Before the autopsy even begins, however, the morgue is a source of suspense in itself. While we’re introduced to the Tildens with a few gung-ho dissection sequences, scored to bursts of plosive music, this more conventional depiction of coronial labour quickly fades away, leaving us with a space that is so still and organized that it almost feels sentient. Since the morgue doesn’t have any windows, and is underground, it quickly takes on the ambient murmur of an all-night workplace, the kind of nocturnal space where it’s important that everything continues to hum on for the full twenty-four hours of the day. Since it’s also important that each part and process of the morgue is sequestered and sterilized from the rest, the whole space feels hyper-spatial, compartmentalized so thoroughly and meticulously that the threshold between each of its components is much more dramatic than it would be in a more conventional or quotidian space. It’s a bit of a twist, then, when Tommy opens up a trapdoor to reveal that the morgue is actually in the basement of the Tilden house, an old rambling structure that has been retrofitted with an elevator to make it easier to transport bodies downstairs. Nevertheless, traces of the original basement still remain, reminders of the three generations of morticians that preceded the current Tildens, and adding to the feeling that this morgue is so lived-in that it has taken on a life of its own.
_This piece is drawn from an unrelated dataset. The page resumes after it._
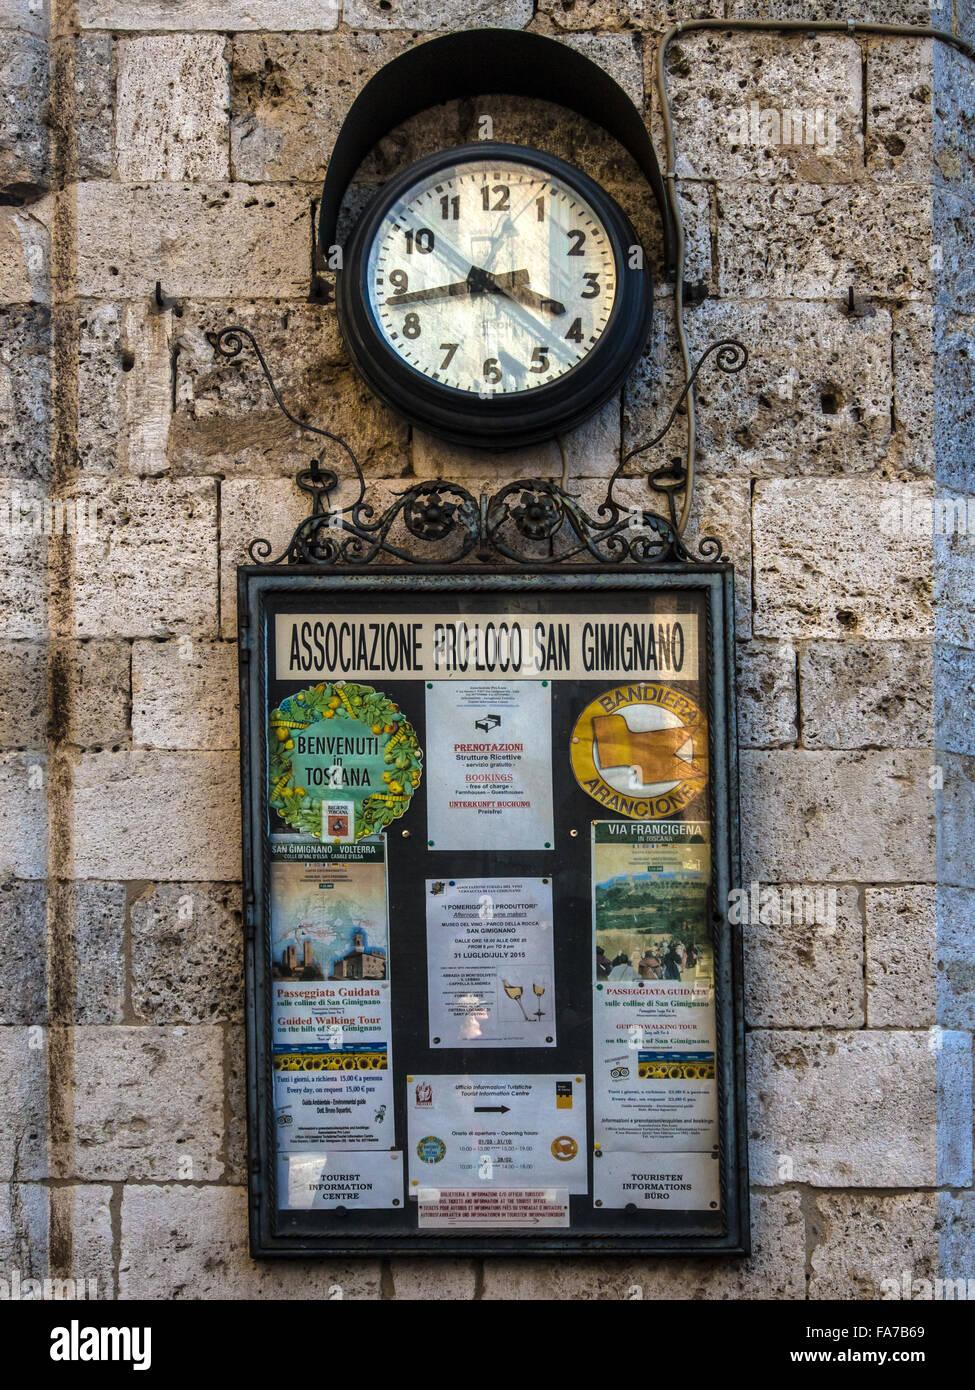 Local public noticeboard in San Gimignano, Tuscany, Italy - Stock Image

For all those factors, however, it is the business of coronial work itself that makes the morgue so oddly intensified in its space and ambience. With the obligatory autopsy gore out of the way in the first few montage sequences, the film settles into what the business of being a mortician actually involves. As the senior practitioner, Tommy is the one who captures this work ethic, encouraging Austin to focus on each part of the process to the exclusion of all else, neither speculating on the cause of death nor predicting what will happen with the case after the autopsy, but instead taking the body entirely on its own terms. Dissecting a corpse becomes a exercise in mindfulness, a way of blanking out everything extraneous, until the body in question becomes a blank slate as well, a canvas that the morticians can approach with no prior judgements or assumptions. For Tommy, the key to performing a good coronial examination is therefore scepticism – a willingness to be open to any cause of death, no matter how the body may initially present itself. While he believes that it takes a while to read a body, he believes that it can ultimately be read, but only if the mortician assumes, from the outset, that “every body has a secret” to be found.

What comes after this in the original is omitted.